Creating a history dataframe to track progress

In [25]:
history_df = pd.DataFrame(history.history)

Checking the training loss of the model

In [26]:
train_loss = model.evaluate(x_train, y_train, verbose=0)
print(f"Train Loss: {train_loss}")

Train Loss: 0.08607341349124908


Checking the testing loss

In [27]:
test_loss = model.evaluate(x_test, y_test, verbose=0)
print(f"Test Loss: {test_loss}")

Test Loss: 0.0939880907535553


Calculating train accuracy based on loss

In [28]:
train_accuracy = 100 - (train_loss * 100)
test_accuracy = 100 - (test_loss * 100)

In [29]:
# Printing Train and Test Accuracy
print(f"Train Accuracy: {train_accuracy:.2f}%")
print(f"Test Accuracy: {test_accuracy:.2f}%")

Train Accuracy: 91.39%
Test Accuracy: 90.60%


The model achieved a training accuracy of 91.39%, indicating strong performance on the training data. The test accuracy of 90.60% shows that the model generalizes well to unseen data, with only a small difference between training and test performance.

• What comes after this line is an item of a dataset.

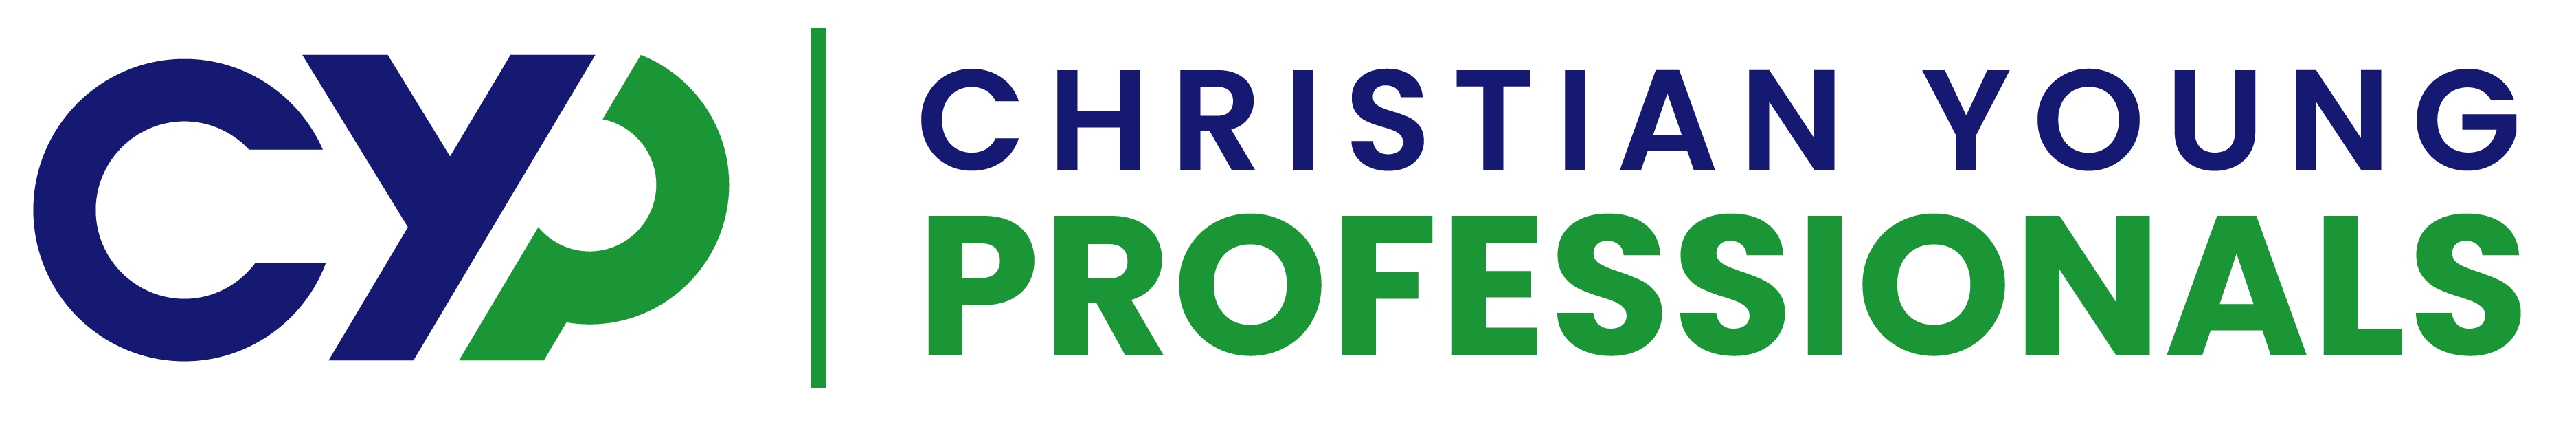 Christian Young Professionals

This suggests that the model is well-balanced and not overfitting.

## Summary

- Classification Accuracy:
    When we treated wine quality as a categorical variable, we achieved a test accuracy of 66.6%, with high training accuracy, suggesting a focus on predicting specific quality categories.

- Regression Accuracy:
    Treating wine quality as a continuous value (regression) improved test accuracy to 90.60%, reflecting a better fit when predicting a broader range of possible quality scores.

- Loss Comparison:
    Classification had a higher test loss (1.43) compared to regression, which indicates that predicting exact quality scores in regression better captures the nuances of the data.

- Approach Difference:
    Classification simplified the problem into discrete categories, while regression allowed more granularity, which is reflected in the improved accuracy and more precise predictions.

This shows that treating quality as a continuous value in regression led to better overall performance.